Not only have I had that problem, but have seen times when texts just plain were not sent through.
The issue is likely not your phone but rather different cell companies Networks. The more repeaters a cell company saturates a given area with, the more through put their network has for voice and data. When a geographic area of a network becomes saturated with users, that network slows down, while other networks may continue to move along based on the availability of bandwidth. Depending on where you and the other person are and if you are on the same network, this can go from slightly slow to never delivered pretty fast. Most networks can throttle their bandwidth up to meet higher user demand a peak hours but as the receivers become bogged down, the network can still slow down.
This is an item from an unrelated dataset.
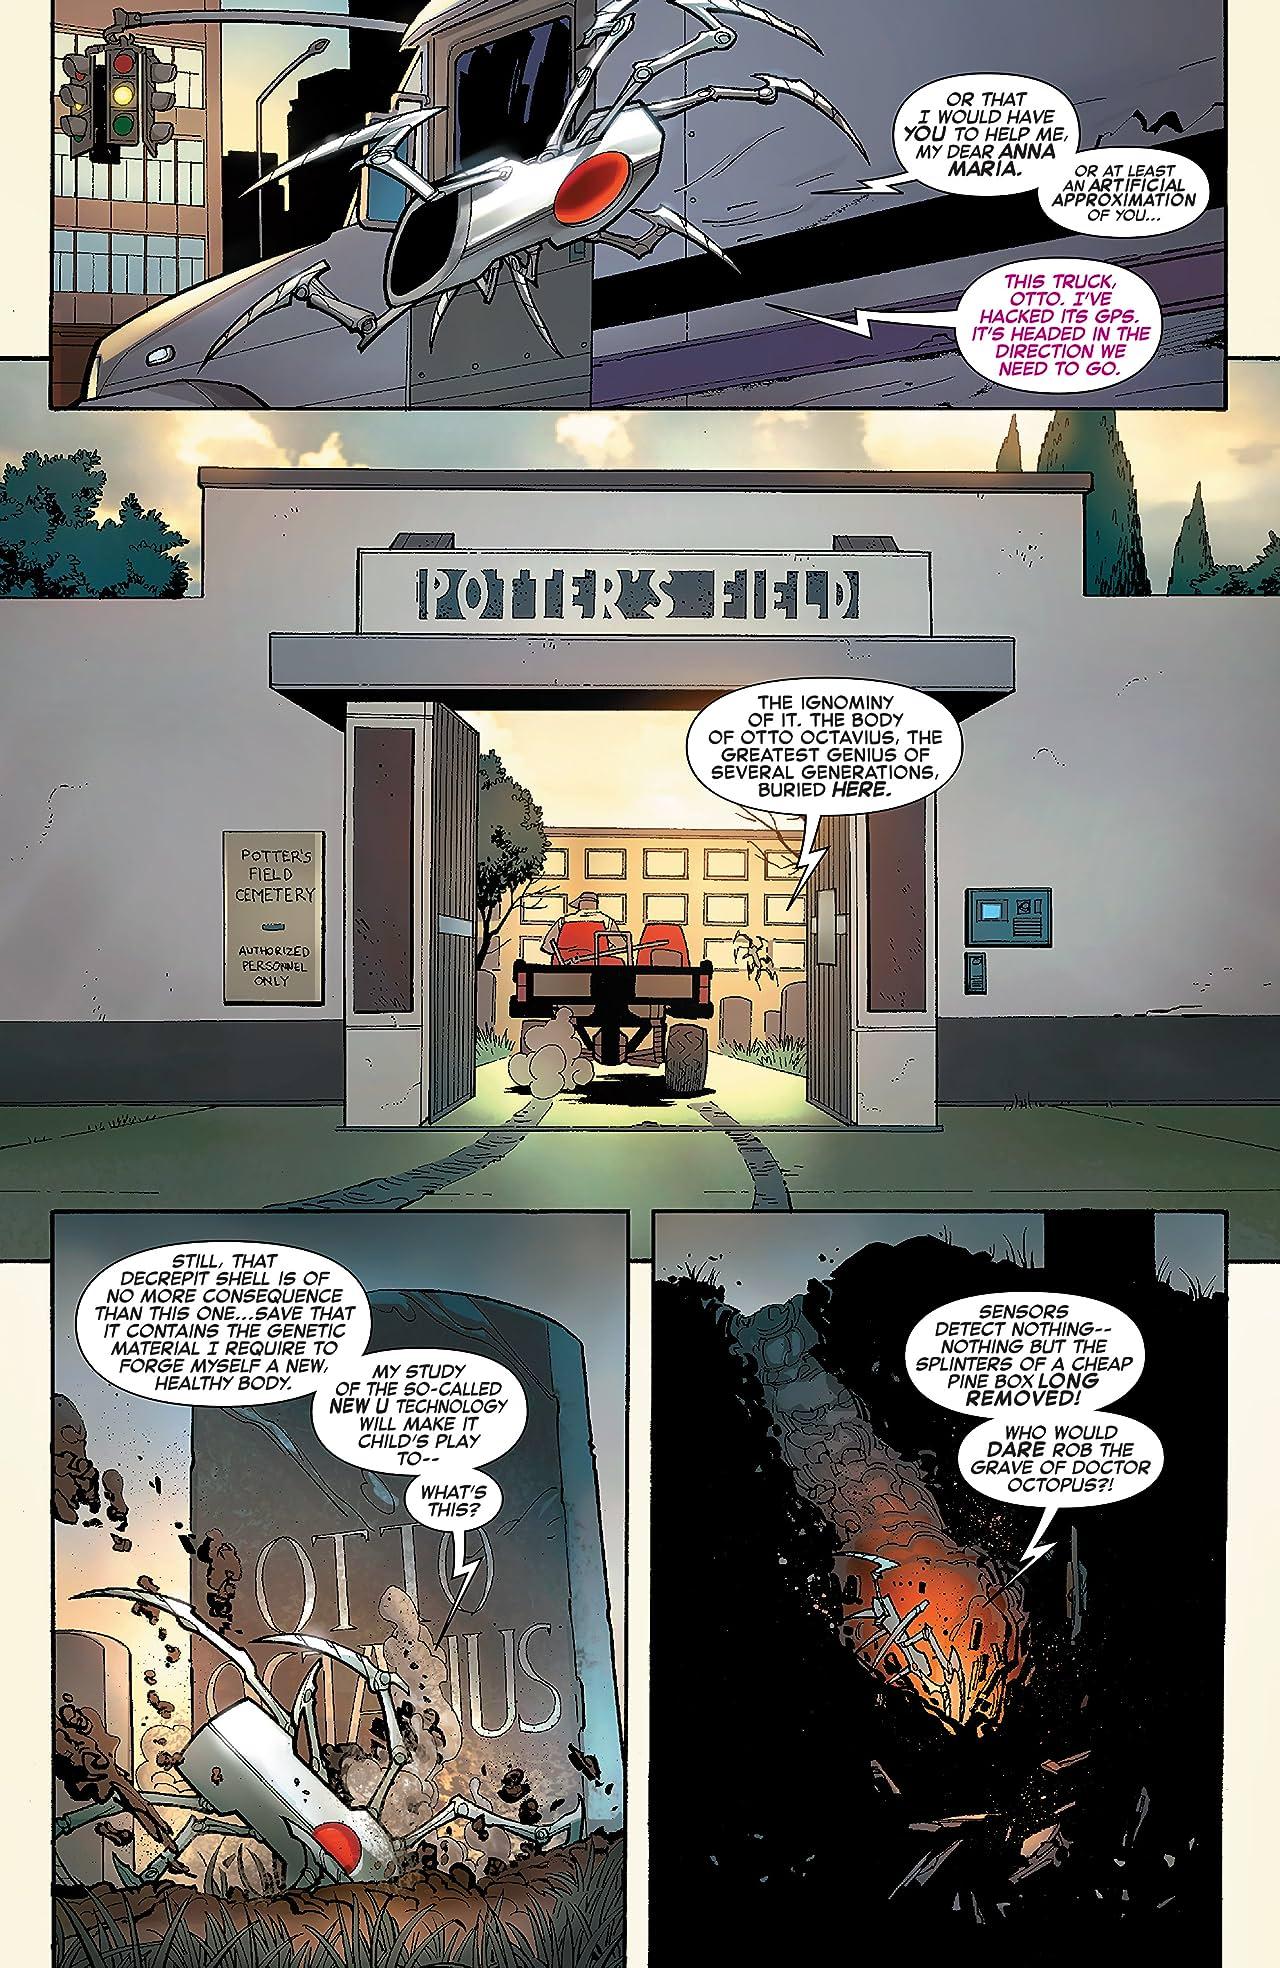 Amazing Spider-Man: Worldwide Collection Vol. 3
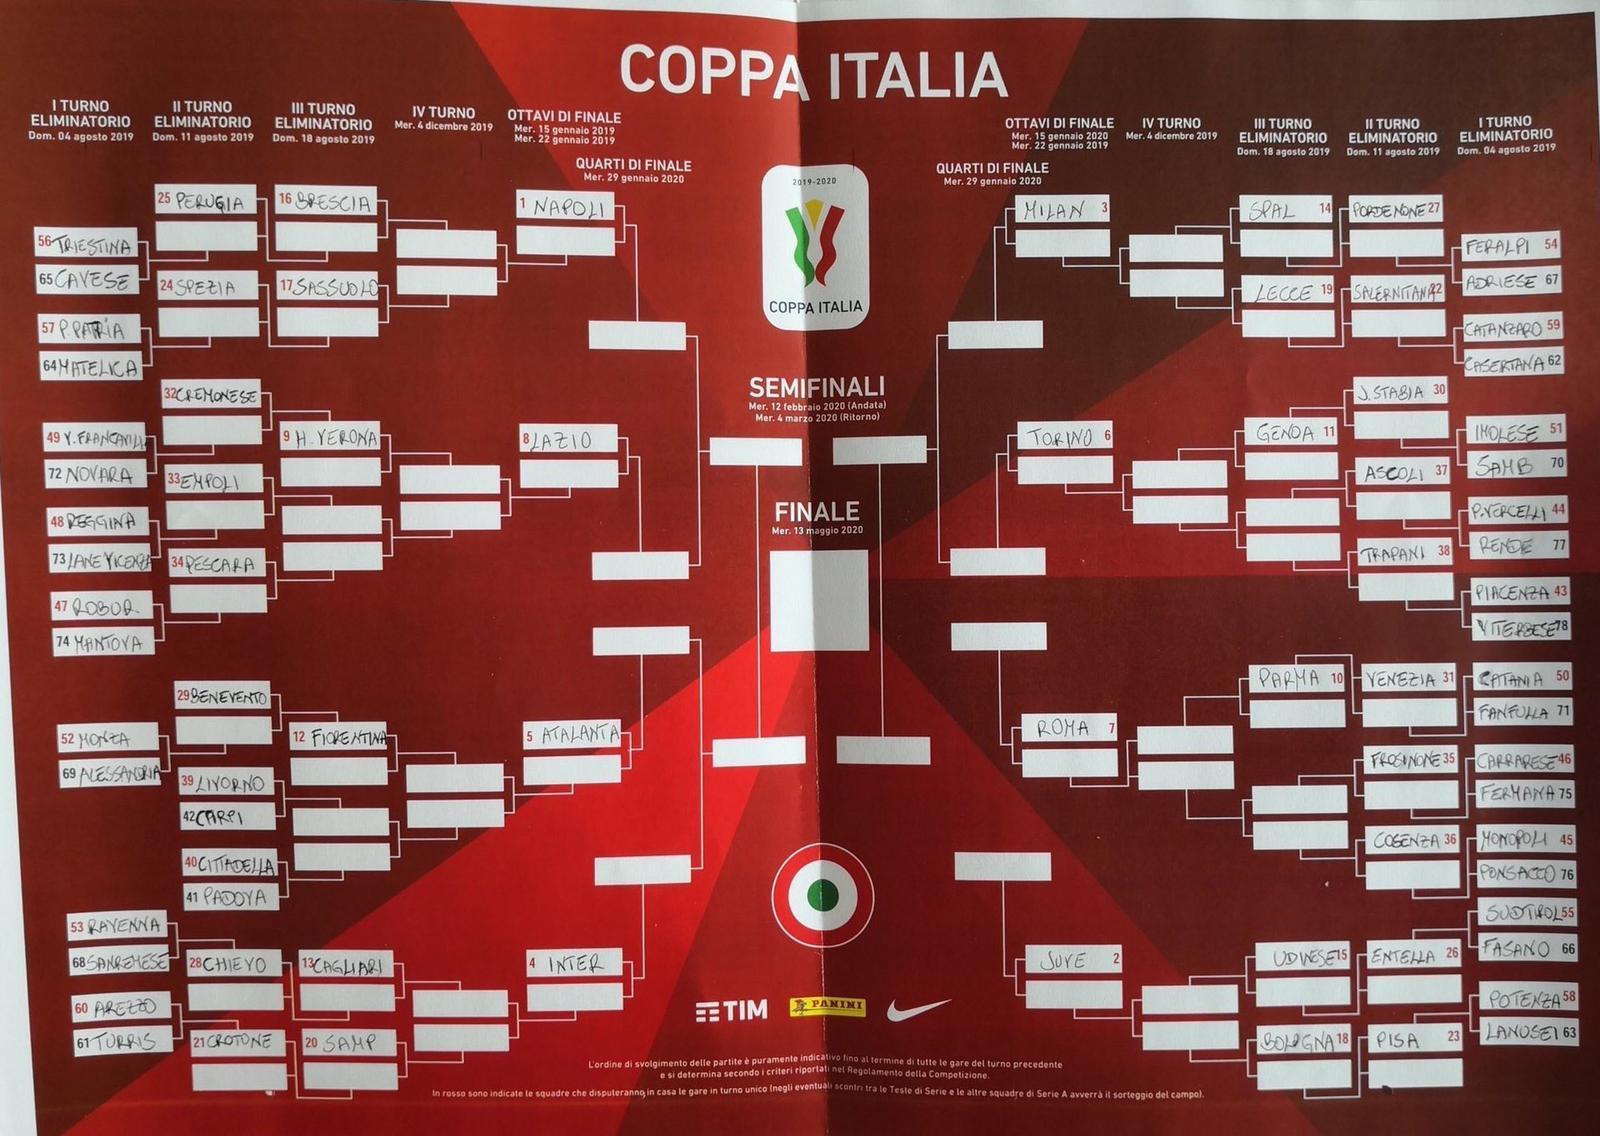 Calendario Perugia Calcio 2020.Coppa Italia 2019 20 Tabellone Completo Calendario E Date

As an example, 3 members of my family live in the same home on the same cell network (AT&T). We can text with no issues on Friday night. The 4th member lives on/near a college campus and is on a different cell company (T-Mobile). Texts between AT&T and the T-Mobile are often lost because the college campus becomes geographically saturated on the T-Mobile network due to a lack of repeaters AND the high number of users. As such texts get dropped first to protect the integrity of voice communications and to keep the network running. While this is happening, others who use another cell company (Verizon) have no issues because Verizon has saturated the geographic area with repeaters and provides better bandwidth throughput to it's customers. In that specific location, AT&T falls somewhere between Verizon and T-Mobile in the number of repeater but has far better service/coverage than T-Mobile does.
Or, it could be your phone. Keep an eye on it.